There are probably more unanswerable points that could be brought up but this is something to ponder.


----------



## Brian G Turner (Oct 22, 2004)

As a 2c and pointer, possibily the biggest development work in AI is actually in search engine development.

 Ultimately, search engines are trying to create software that will create meaningful search results, as if presented by a human user/editor. There's a lot of research into semantics. 

 Search engines are not trying to create AI per se, but they are definitely developing  into the bounds of that area, whether they like that or not.

 Imagine that - Google - or the the internet itself - as a self-aware organism. One for the short story writers.


----------



## Silk (Oct 22, 2004)

I said:
			
		

> Imagine that - Google - or the the internet itself - as a self-aware organism. One for the short story writers.


I remember an episode of seaquest dsv where that actually happened!  They somehow ended up in the future where humans had developed a sentient computer to take care of all there needs.

Anyway to cut a long story short, because of this the human race was dieing out and the computer knew the only way for us to survive was by ending its self; which I think really says something about true humanity and self sacrifice which isn’t necessarily something actual humans are very good at.


----------



## Princess Ivy (Oct 22, 2004)

For me, sentience isn't only the accumulation of knowledge, but also the desire to know more, and to ponder the answers received and the importance of the information. The implications of that knowledge to the environment of the being. to consider the actions and choices, and the consquences of those. Basic intelligence, or accumulation of knowledge is not nesciarily a factor, although the desire to aquire knowledge and to better onself is!


----------



## littlemissattitude (Oct 23, 2004)

Thanks, everyone.  This thread makes my mind hurt.  Naw, it's probably just this stupid, stinking cold doing it.  But...I did read a great novel about this whole questions - AI and self-awareness - a few years ago, but I can't remember either the name of the book or the author's name.  I'll try to find it and post it, because it was, as I recall, a great combination of storytelling and intelligent speculation about these subjects.  Stupid old memory.


----------



## malfunkshun (Oct 23, 2004)

Here's an interesting website about artificial intelligence.

http://www.a-i.com/

They are growing AI personalities there from 'infancy'.  I think that AI will eventually produce sentience in machines.


----------



## Foxbat (Oct 23, 2004)

> For me, sentience isn't only the accumulation of knowledge, but also the desire to know more



Agreed. But where does that desire does come from? If you reject Divine Intervention (which I do) then it must be a natural process. Sentience itself must be something which grows.

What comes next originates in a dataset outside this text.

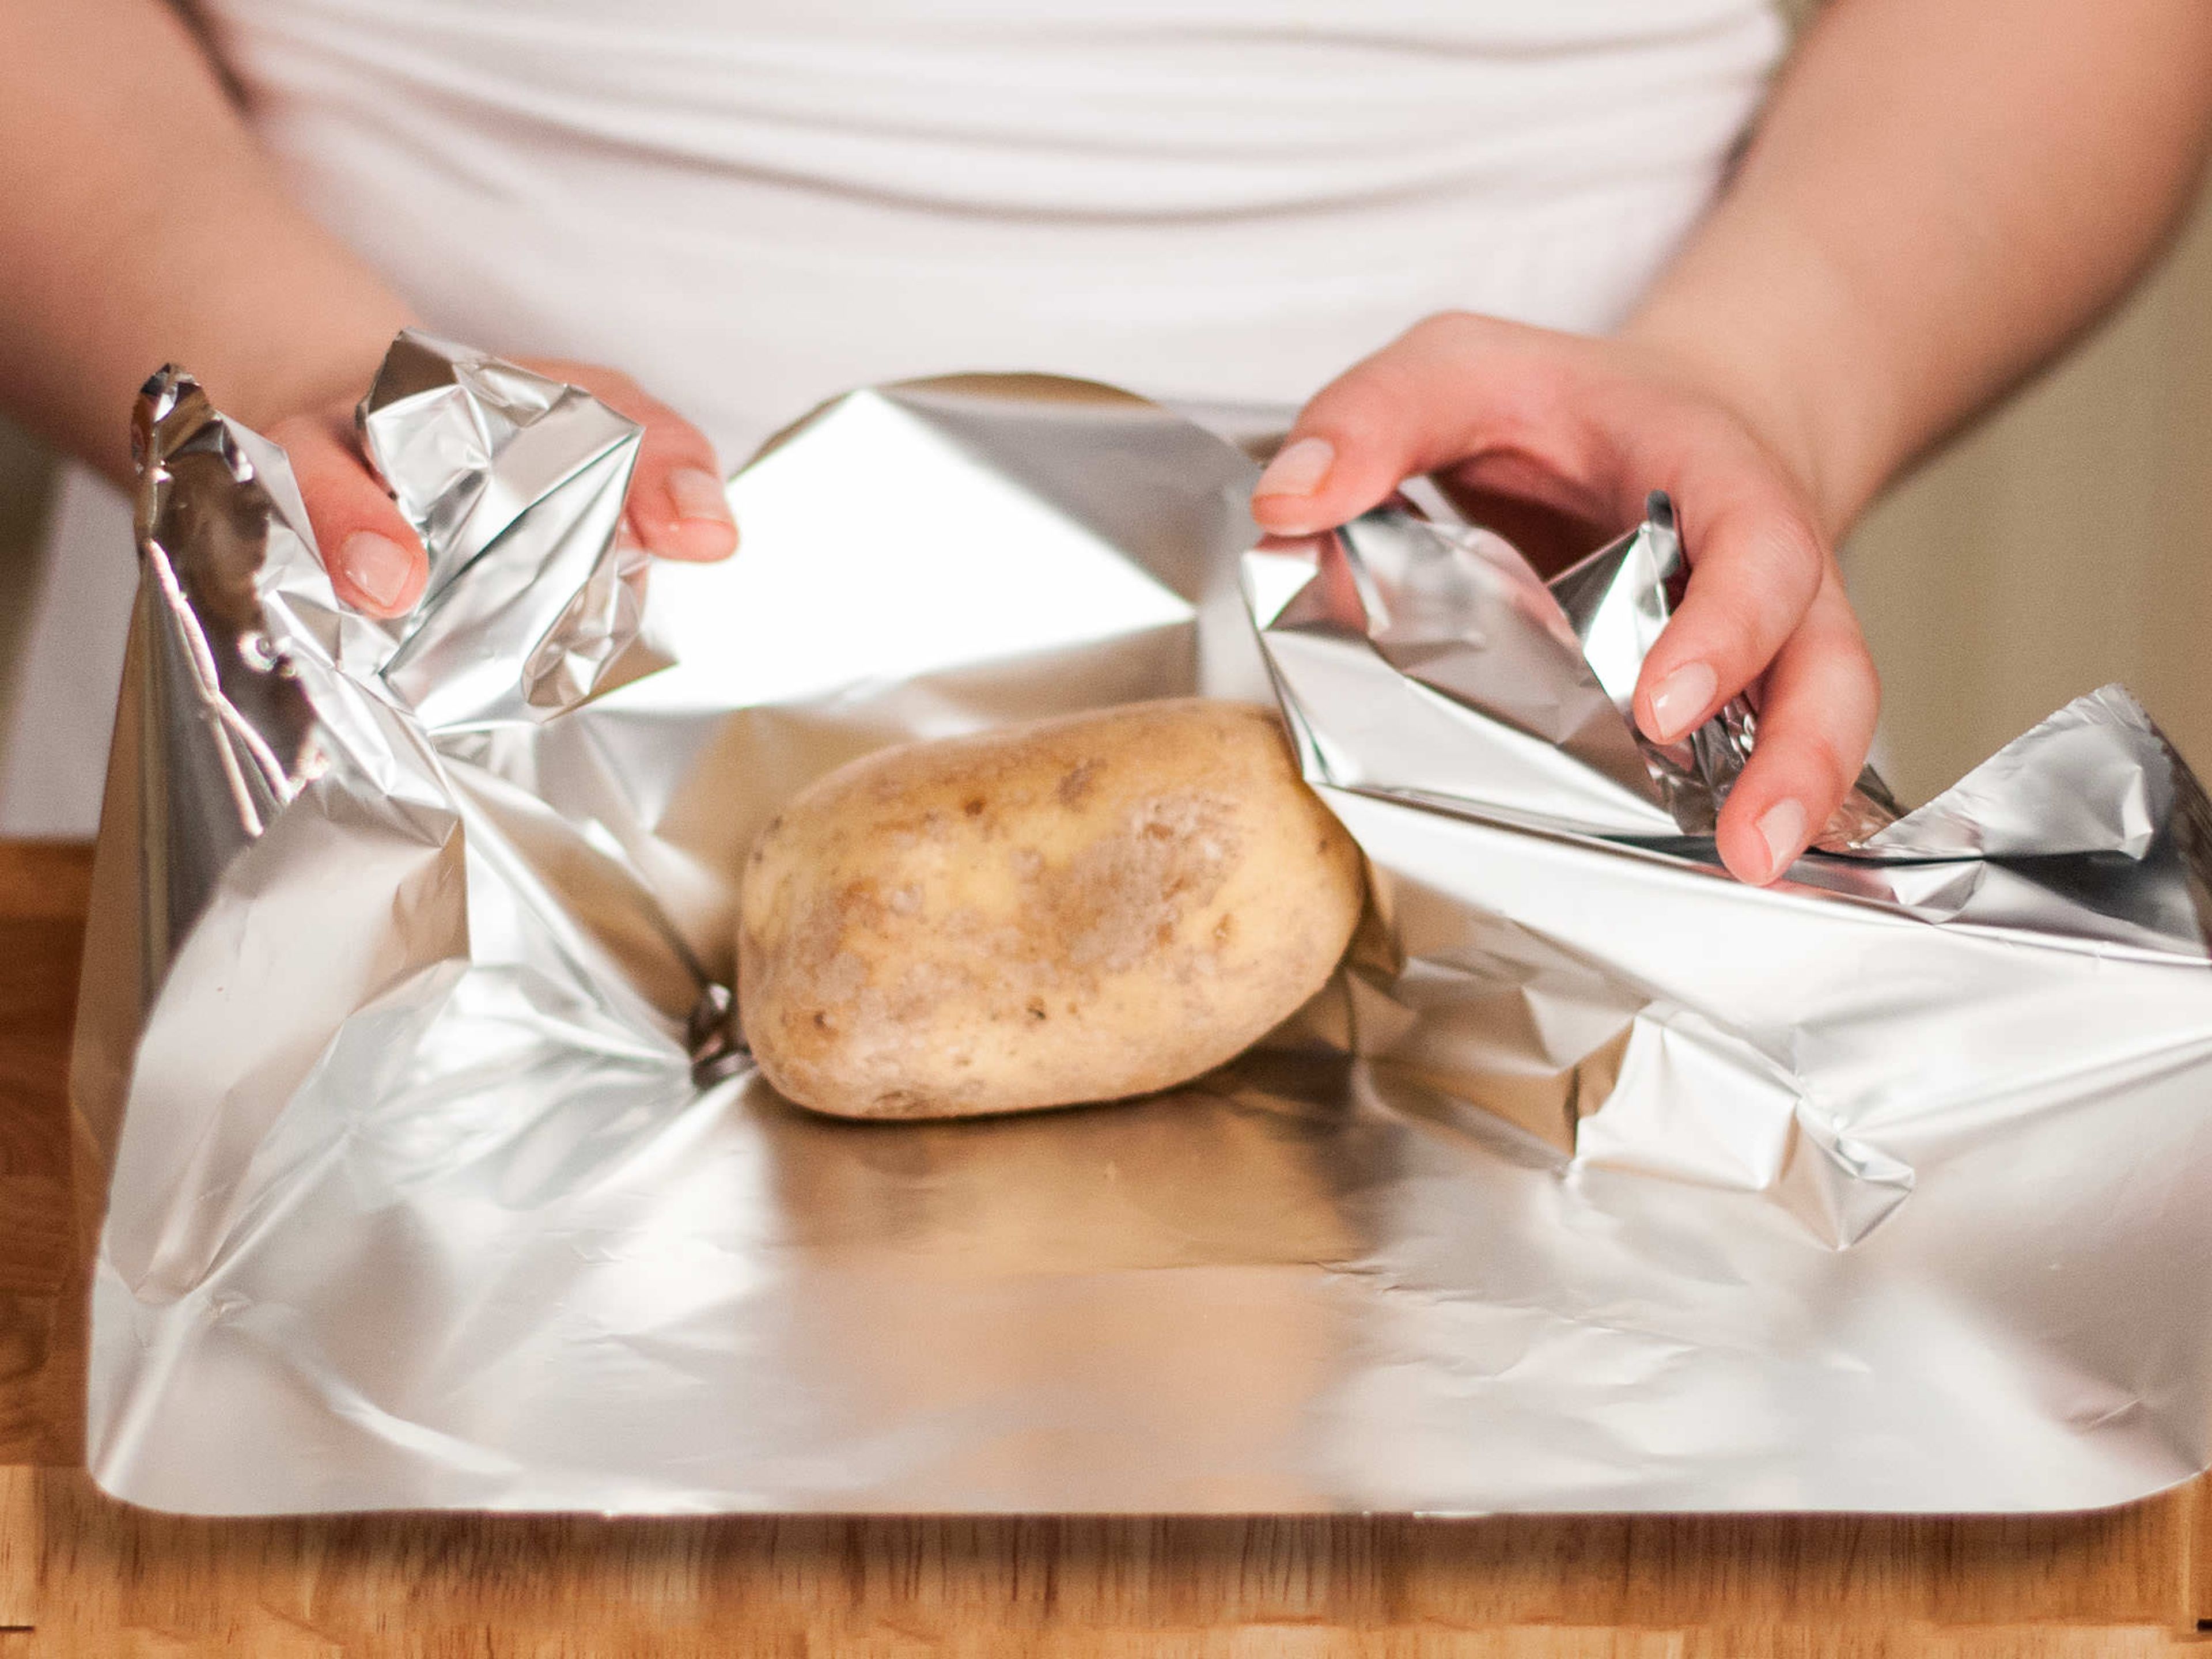 Backofen auf 60°C vorheizen. Grill vorheizen. Jede Kartoffel in Alufolie einwickeln und für ca. 1 h auf den Grill legen. Alle 20 Min. drehen damit sie gleichmäßig gegart werden.

And if it is a natural process, what are the criteria for its origin and growth?



> As a 2c and pointer, possibily the biggest development work in AI is actually in search engine development.



Hey! I'd never thought of that. It's true what they say about learning something new everyday


----------



## willb (Oct 23, 2004)

I would say that knowledge is not necessary for sentience.  I think that a baby is sentient just after it is born (and even for a while before, but that is a whole other issue), even though it has not experienced anything (it is not conscious in the womb as far as I know) it has the brain infrastructure to be self-aware.  

I reckon all you need for sentience is self-awareness, often this comes with curiosity, empathy with other people, feelings, but I don't think that they are prerequisites.  Some people simply have no desire to know new things, but they are still sentient.

This is my tentative definition of sentience, so I think that a sufficiently well designed (and built) machine could be sentient (ie be self-aware).  If we assume that there is no spirit world / soul then all that we are as people is collections of atoms, so why can't we create our own collections of atoms with similar attributes to ourselves.

As to pain, I think it is meaningless to say: "does a robot feel pain the same as us?"  We don't even know that people feel pain in the same way as each other.  It's like the debate about whether what I see as red you see as green; ultimately it doesn't matter what you perceive, as long as it is consistent, as long as _everything_ I see as red you see as green.


----------



## Rane Longfox (Oct 23, 2004)

For me, the difference between sentience and just intelligence comes where you stop acting on instinct and animal reactions and start thinking outside the mould, changing the way things have been done... Of course, this would probably eliminate much of the human race, but there we go...


----------



## angrybuddhist (Oct 27, 2004)

I think, therefore, I am....confused.  You might be interested in the forums at www.mind-brain.com.


----------